Seventeen wrist arthroplasties were performed in 15 patients using the Universal Total Wrist prosthesis. The 11 women and 4 men in the study group ranged in age from 45 to 86 years. Fourteen patients had rheumatoid arthritis and one had osteoarthritis. Follow up ranged from 20 to 74 months. Patients were evaluated for range of motion, with the Disabilities of the Arm, Shoulder, and Hand (DASH) survey and radiographically.
All range of motion values improved after surgery. Average postoperative motion was 29° dorsiflexion, 38° volar flexion, 7° radial deviation and 17° ulnar deviation. The DASH scores improved with 29 %. Pain score improved in all 15 patients. One prosthesis had to be removed due to component loosening of the carpal plate. The other cases showed no radiographic signs of loosening. One patient had an early prosthetic dislocation and was treated conservatively with success.
The Universal Total Wrist prosthesis provides a promising outcome in patients with rheumatoid arthritis.

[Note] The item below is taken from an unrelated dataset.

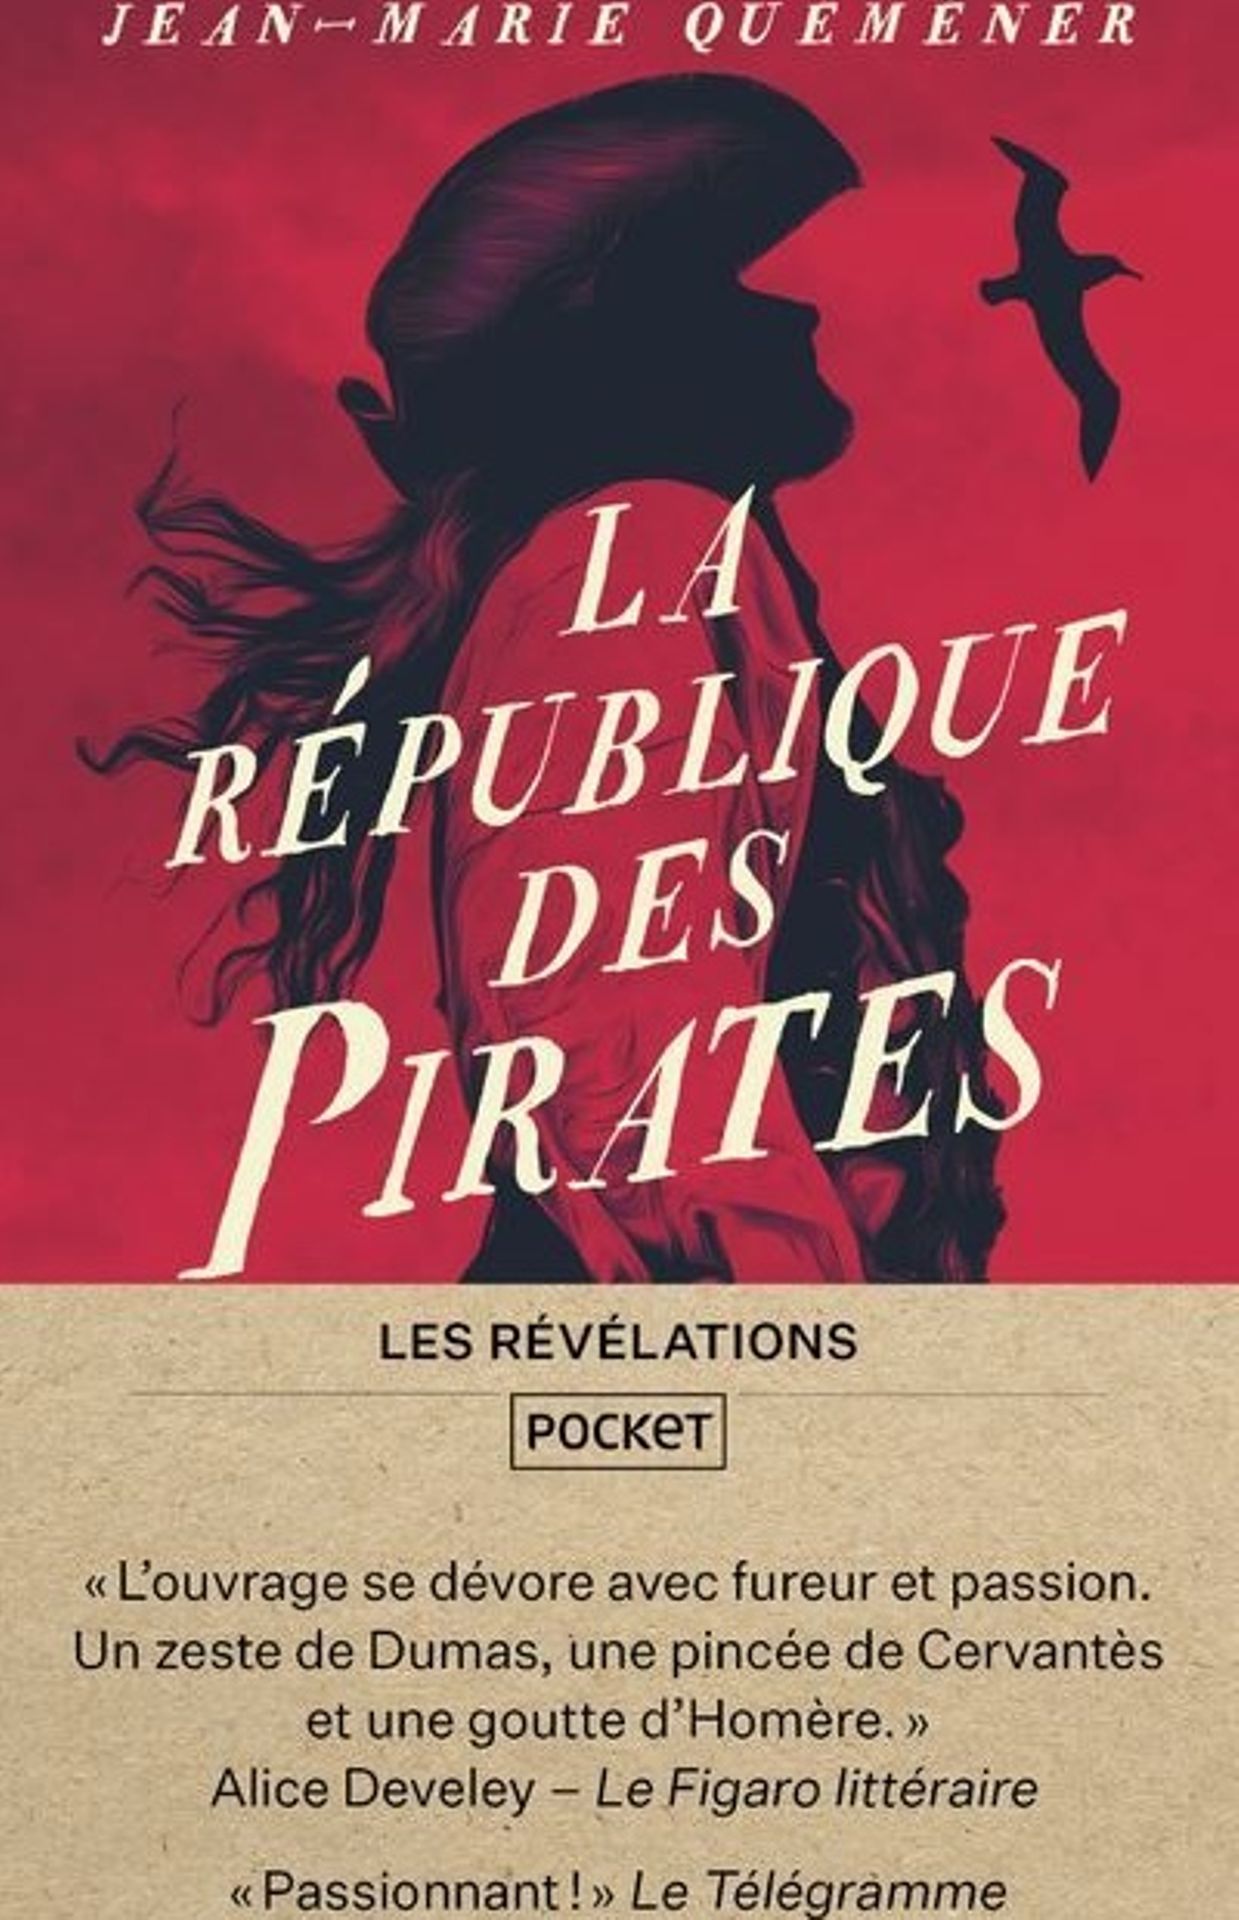 "La république des pirates" de Jean-Marie Quéméner aux éditions Pocket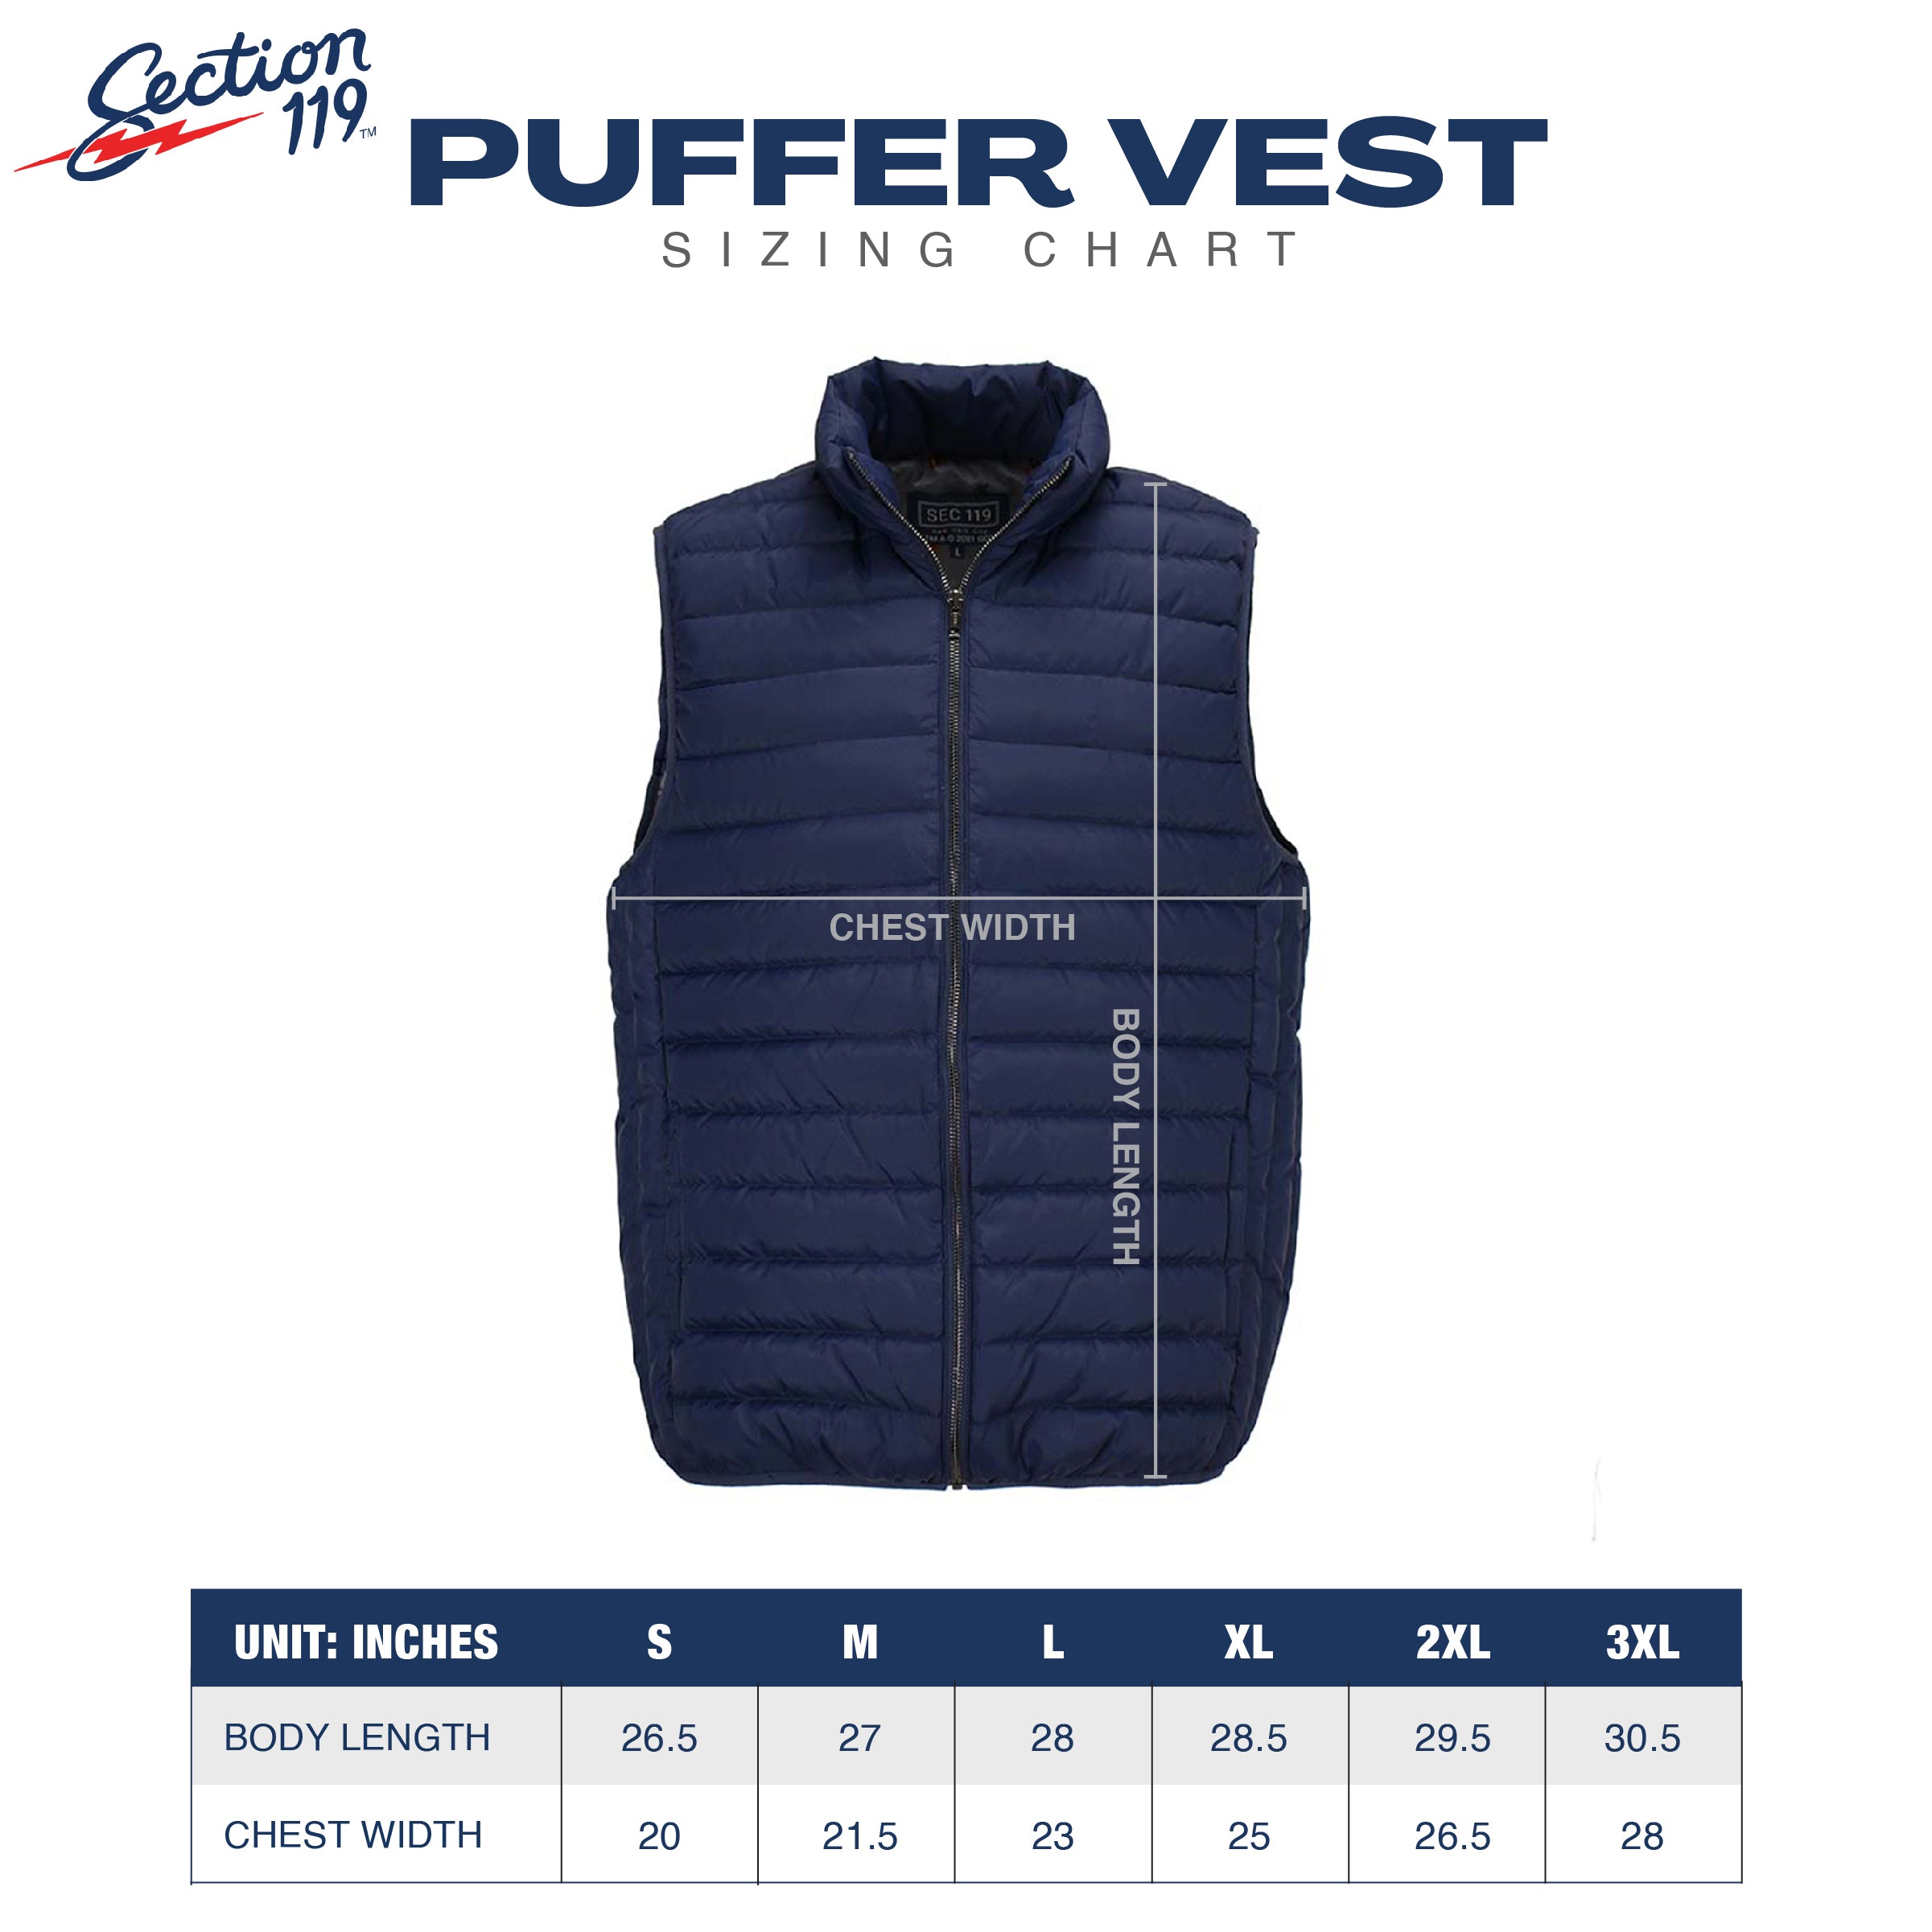 Phish Blue donut Hooded Puffer Vest in Black - Section 119

Rheumatoid arthritis has a worldwide prevalence of approximately 1 % . The disorder occurs three times more often in women and has a peak onset of between 40 and 60 years of age . The wrist is the most common involved in the upper extremity in rheumatoid arthritis. Indications for surgery are progressive pain, deformity and loss of motion.
Although wrist arthrodesis effectively relieves pain and corrects deformity, the loss of motion may impair function considerably, especially when the shoulder, elbow, and hand also are affected by arthritis . Total wrist arthroplasty (TWA) enhances the performance of daily activities and is preferred to arthrodesis by patients with rheumatoid arthritis [4, 5]. Wrist arthroplasty however has a high complication rate, particularly wrist imbalance and implant loosening.
The Universal Total Wrist prosthesis (KMI, San Diego, CA) was designed to alleviate these problems through the use of a unique design for distal component fixation and an anatomically shaped, broad articulation (Fig. 1) . The inventor of the Universal prosthesis reported good outcome and no distal component loosening .
Universal total wrist prosthesis.
The purpose of this study was to evaluate the results of the Universal Total Wrist prosthesis in rheumatoid arthritis.
MATERIALS AND METHODOLOGY
The Universal Total Wrist prosthesis (Fig. 1) has its fixation on the carpus with titanium screws. Minimal bone resection is needed to accommodate the prosthesis. The carpal component is made from titanium and the carpal interface of polyethylene. It is ovoid and matches the cut surface of the carpal bones.
Patients with chronic wrist pain unrelieved by adequate medical treatment by a qualified rheumatologist, or patients, who have severe wrist deformity that interferes with function, are candidates for total wrist arthroplasty. When there are combined deformities of the wrist and the fingers, wrist arthroplasty should be considered first.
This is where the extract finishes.